Hate to break it to the human rights groups, but ISIS is not the only power player. This is what the study did not ask—how many of those refugees have a positive opinion of Assad? What about Al Qaeda? You get my point.
But, do they at least like the United States? Do they yearn for the freedom and pluralism we offer that so many Americans are seemingly eager to extend?
Bill Frelick, the director of the refugee rights program for Human Rights Watch, said, “overwhelmingly we’re talking about people who are seeking protection and bear no ill will, and I would say in fact bear gratitude to anyone who’s willing to help them.”
This is not reality. It is a fiction that flies in the face of reality.
That same poll revealed that 66% of Syrian refugees believe ISIS is a product of foreign actors. And the overwhelming majority is opposed to United States involvement in the region.
And, given the conservative, anti-secular/Western nature of many devout Muslims, more than a few immigrant Muslim communities do not assimilate well, and instead form pockets, and, as in some cases, whole communities apart from their American neighbors.
Once considering the facts, it does seem there is substantial evidence that admitting refugees from Syria is simply taking on a risk that is too great, not merely in the short term, but in the long term as well.
But what about those lofty sentiments expressed by the Founders that many like to quote? Weren’t the Founders pro-immigrant? This is a subject that deserves its own treatment, and I commend Dr. Matthew Spalding’s 2006 manuscript entitled “Making Citizens: The Case for Patriotic Assimilation” for those who would like to think more deeply about the subject. But I think it’s important to at least address it in the context of this talk. So, “yes,” the Founders were pro-immigrant, but they did not throw prudence to the wind.
They understood that countries were not merely countries due to geographic borders, although that was part of it. But countries were held together by common heritages, traditions, political institutions, mores. And immigration here—and definitely citizenship was a weighty privilege—did not come without conditions.
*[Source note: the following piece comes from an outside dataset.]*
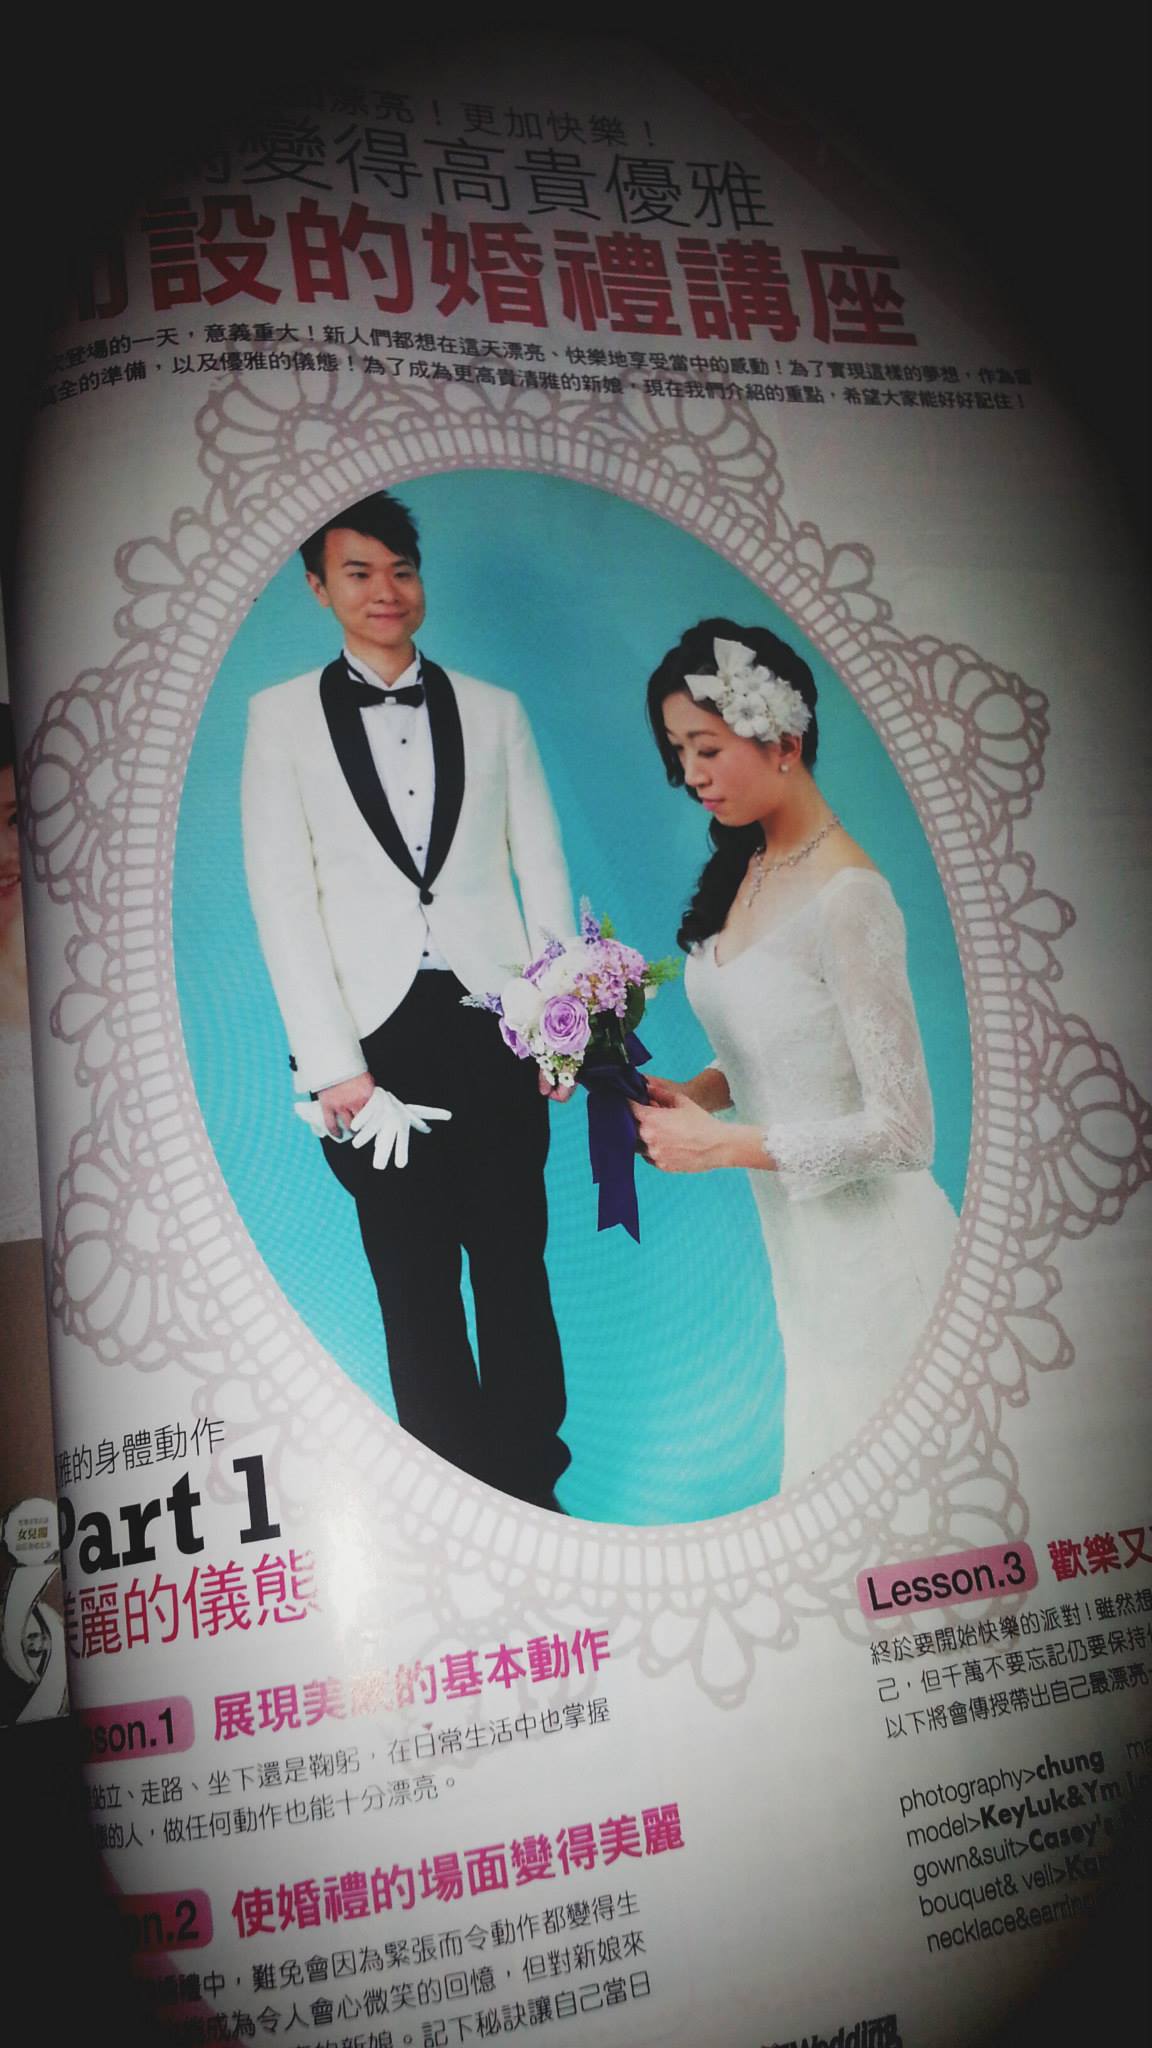  鎖匙 Key Luk演藝人工作紀錄: 婚禮雜誌 - 平面模特

And so it was very important to the Founders that immigrants assimilated and abandoned previous loyalties.
For example, the Founders were especially concerned about non-English immigrants—like the Germans, French, and Dutch—because they did not share the same heritage or traditions with the English, or even with each other.
Notably, these immigrants settled together in large groups, preserving for some time their own cultures and habits and did not mix well with the rest of the population. Jefferson thought "they should distribute themselves sparsely among the natives for quicker amalgamation." Washington agreed and thought that by settling in groups, immigrants would "retain the language, habits and principles (good or bad) which they bring with them. Whereas by an intermixture with our people, they, or their descendants, get assimilated to our customs, measures and laws: in a word, soon become one people."
In conclusion, having a pro-immigrant posture is truly American. But immigration to the United States is a privilege, not a right, and there is ample evidence to suggest the risk for accepting more Syrian refugees is simply unwise.
If Americans, especially Christians, feel compelled to do more to ease the suffering of Syria’s refugees, I recommend reaching out to private organizations doing wonderful meaningful work. My two favorites are Samaritan’s Purse and the International Missions Board.